Vazquez’s motion to “eliminate confidentiality clauses
completely,” came after school activists urged the board to
act decisively before returning to the council for funding.
“This is a pivotal moment,” said Chris Harding, who
does not have children in Special Education but is a major player
in the District. “If you adopt some concrete steps, you can
restore confidence in the District. . . and with the City Council.”
“If you don’t address the issue and get the ($530,000),
you’ll have to take it out of the budget,” said Paul
Silvern, a member of the District’s Financial Oversight Committee.
“You must act quickly.
“I think you must get rid of (confidentiality clauses) completely,”
Slivern said.
Silvern said there is no evidence that the settlement agreements
instituted in 2005 by former superintendent John Deasy to curb escalating
special education costs were saving the District money.

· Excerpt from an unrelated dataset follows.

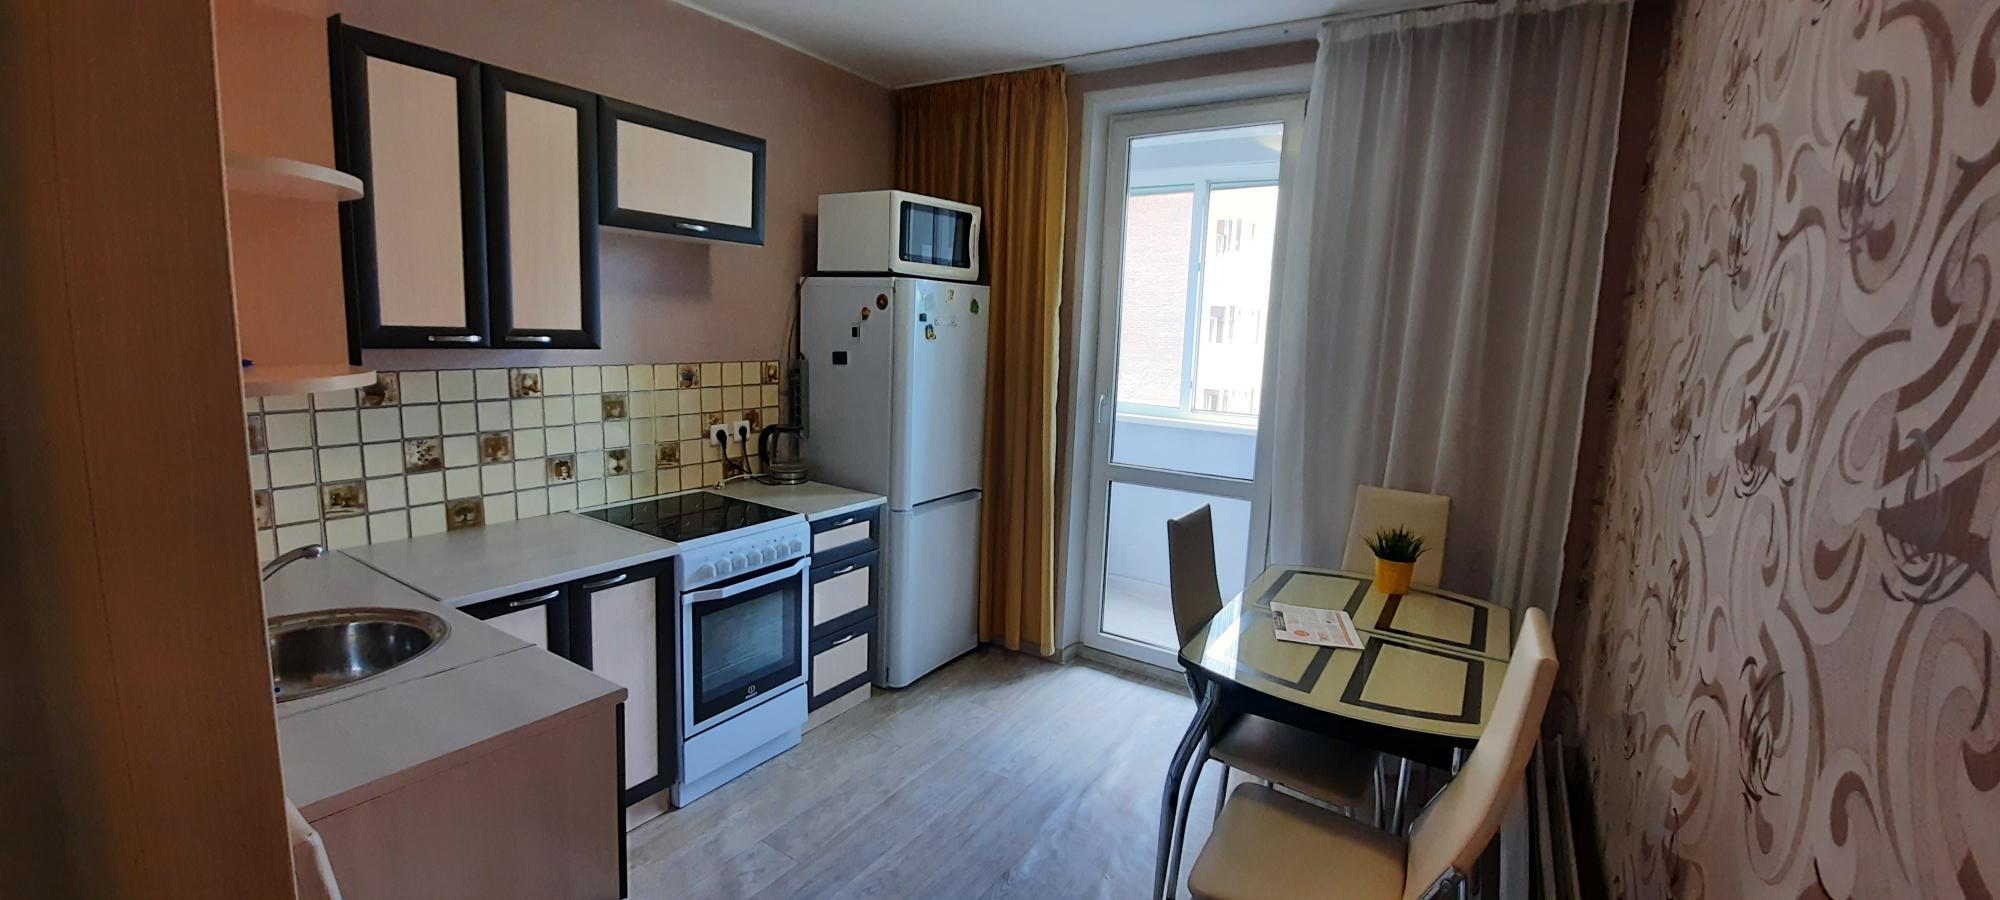 1к квартира Ботанический бульвар, 17 | 17000 | аренда в Красноярске фото 3

He noted that in addition to the $23 million for Special Education
programs and transportation the District receives annually from
the State, the District spent an additional $11.7 million in general
fund subsidies.
Special education, Silvern noted, “is a very big part of
the budget,” but, he added, “the general satisfaction
with the program has been plummeting.”
The board made it clear Thursday that the new moratorium would
be taken seriously.
The previous moratorium on confidentiality clauses was imposed
by the board last year after the council delayed the additional
$530,000 it gives the district when parents complained that they
were being forced to bargain for their children’s education
behind closed doors, then barred them from disclosing the terms.
They also said the negotiations failed to leave a paper trail parents
need to hold the district accountable and coerced parents into settling
for less than their children were due.
On April 22, Talarico told the council that she had heard through
“the rumor mill” that some of the parents who signed
confidentiality clauses in 28 of the 37 agreements entered into
this year said they “felt coerced.”
The controversy over confidentiality clauses was fueled in December
2006 when it was learned that the District had included a similar
clause in a settlement agreement with Winston Braham, the School
District’s top financial officer, leading to concern there
was a “lack of transparency” at District headquarters.